CPI inflation stayed strikingly similar to previous month at 8.35 percent, with an ever-narrowing urban-rural gap. Year-on-year food inflation for the second month running stayed in single digit, but much should not be made of it, as food prices are coming from a high base. The non-perishable food price inflation is still in double digits and that the high base effect is likely to continue for a few more months.
Heavyweight non-perishable food items such as wheat, sugar, cooking oil and ghee are all up in double digits, with only wheat showing signs of slowing down on month-on-month basis. Sugar, oil, and ghee all saw prices go up by more than 5 percent month-on-month. In case of cooking oil and ghee, global commodity price spiral is in play, as palm oil prices have jacked up by more than 40 percent year-on-year.
The thing with non-perishable food items is that they almost never go down even if the global commodity price softens. The rate of increase may be arrested once normalcy resumes in palm oil, but the high base has been formed, and will likely keep year-on-year increase well within double digits.

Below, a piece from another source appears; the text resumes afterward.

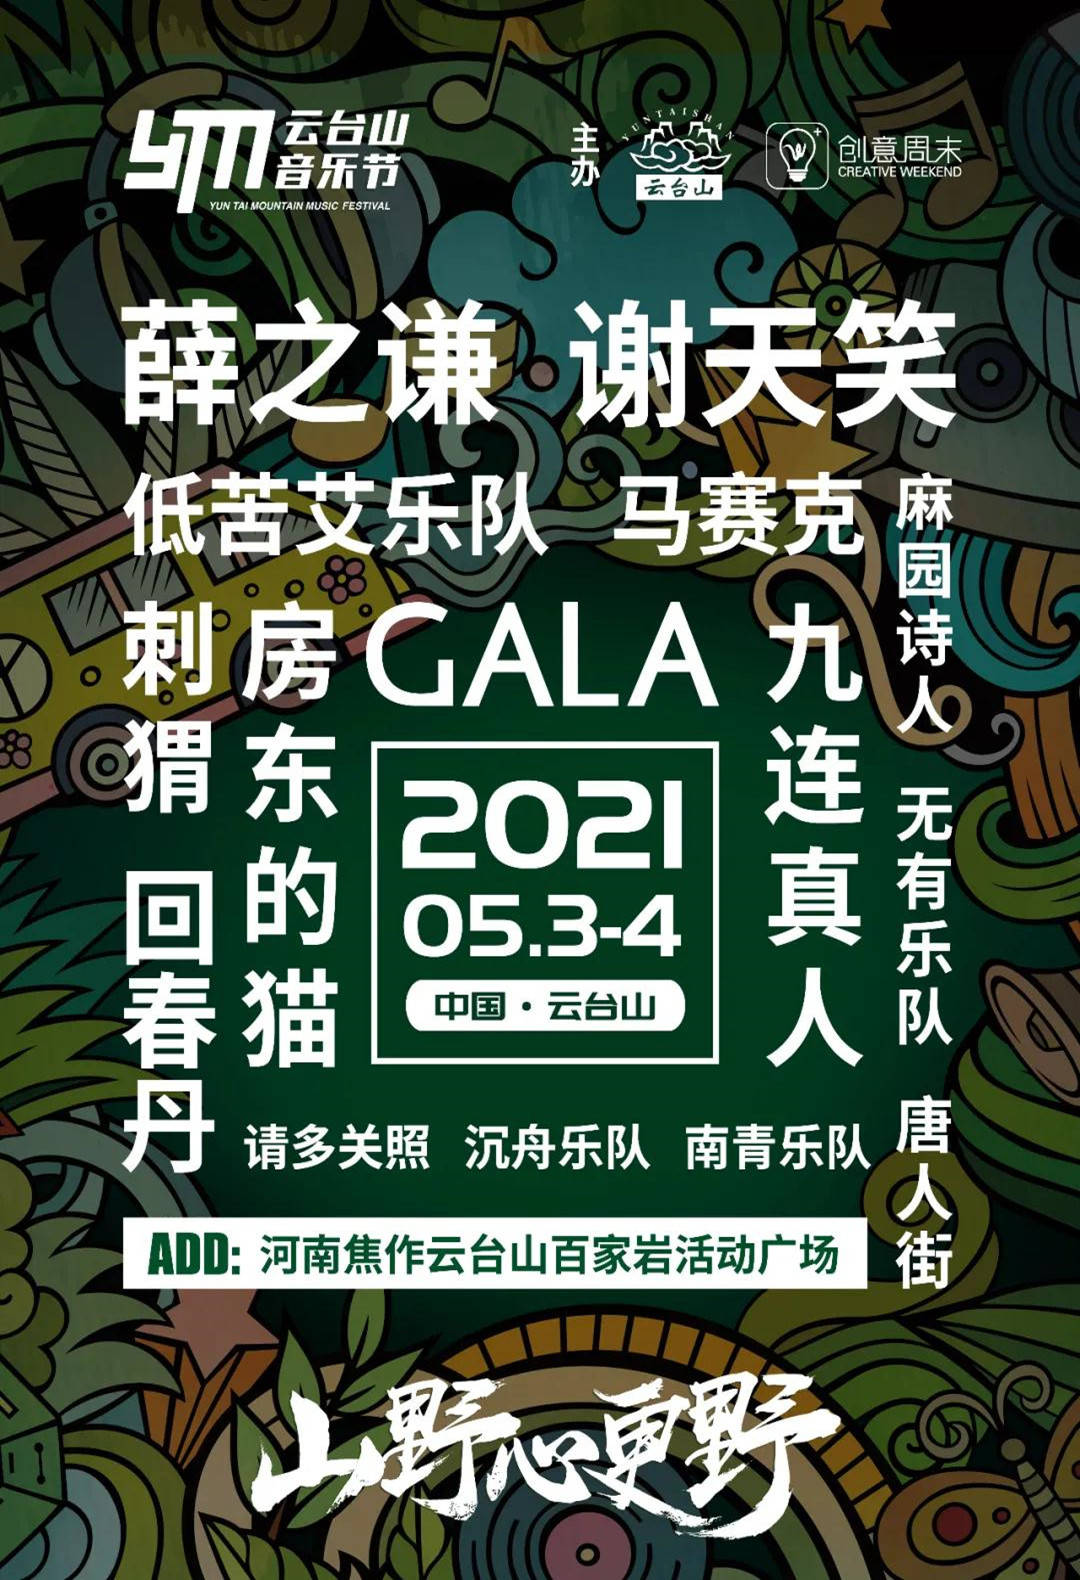 云台山音乐节2021是什么时候?演出时间表公布

The case of sugar is no different, no matter how much effort you make to administer prices through DCs – very rarely do sugar prices go back at the retail level.
On the perishable front, cyclicity is the norm except for milk prices. Milk has the single highest weight in the CPI food consumption basket – and the upward trend suggests double-digit increase in milk prices is almost guaranteed. Milk prices had risen by an average 6 percent year-on-year from FY13 to FY20, before FY21 came with a 12 percent year-on-year increase. That trend seems to have cemented its place, which will keep the perishable food basket under pressure.
While there may be early signs of demand picking up, it is nowhere near to cause demand driven inflation, as evident from core inflation. Non-food non-energy core inflation has come down to 6.3 percent, having hit 7 percent as recent as April 2021. Given the government’s mood and adequate budgeting for power sector subsidies, an increase in electricity or gas prices for the domestic sector appears highly unlikely, which will lead to further curbed core inflation once the high base of previous electricity tariff increase eases.
The petroleum prices will continue to reflect double-digit year-on-year increase for a few more months, but the month-on-month increase will be close to minimal. The government has clearly adopted the strategy of letting petroleum revenues go, in a bid to minimize the impact on consumers. Any slowdown in global crude oil prices could reflect positively on fuel inflation going forward.
That said, the risks from currency depreciation are growing, which could fuel inflation. Similarly, possible fiscal slippages could lead to another round of indirect inflation, as the government would need to finance the gap. But for now, as long as demand driven inflation is kept in check, the central bank may want to continue running negative real interest rates. It is too early to call, but FY22 CPI could well fall within or near the higher range of projected 6-8 percent.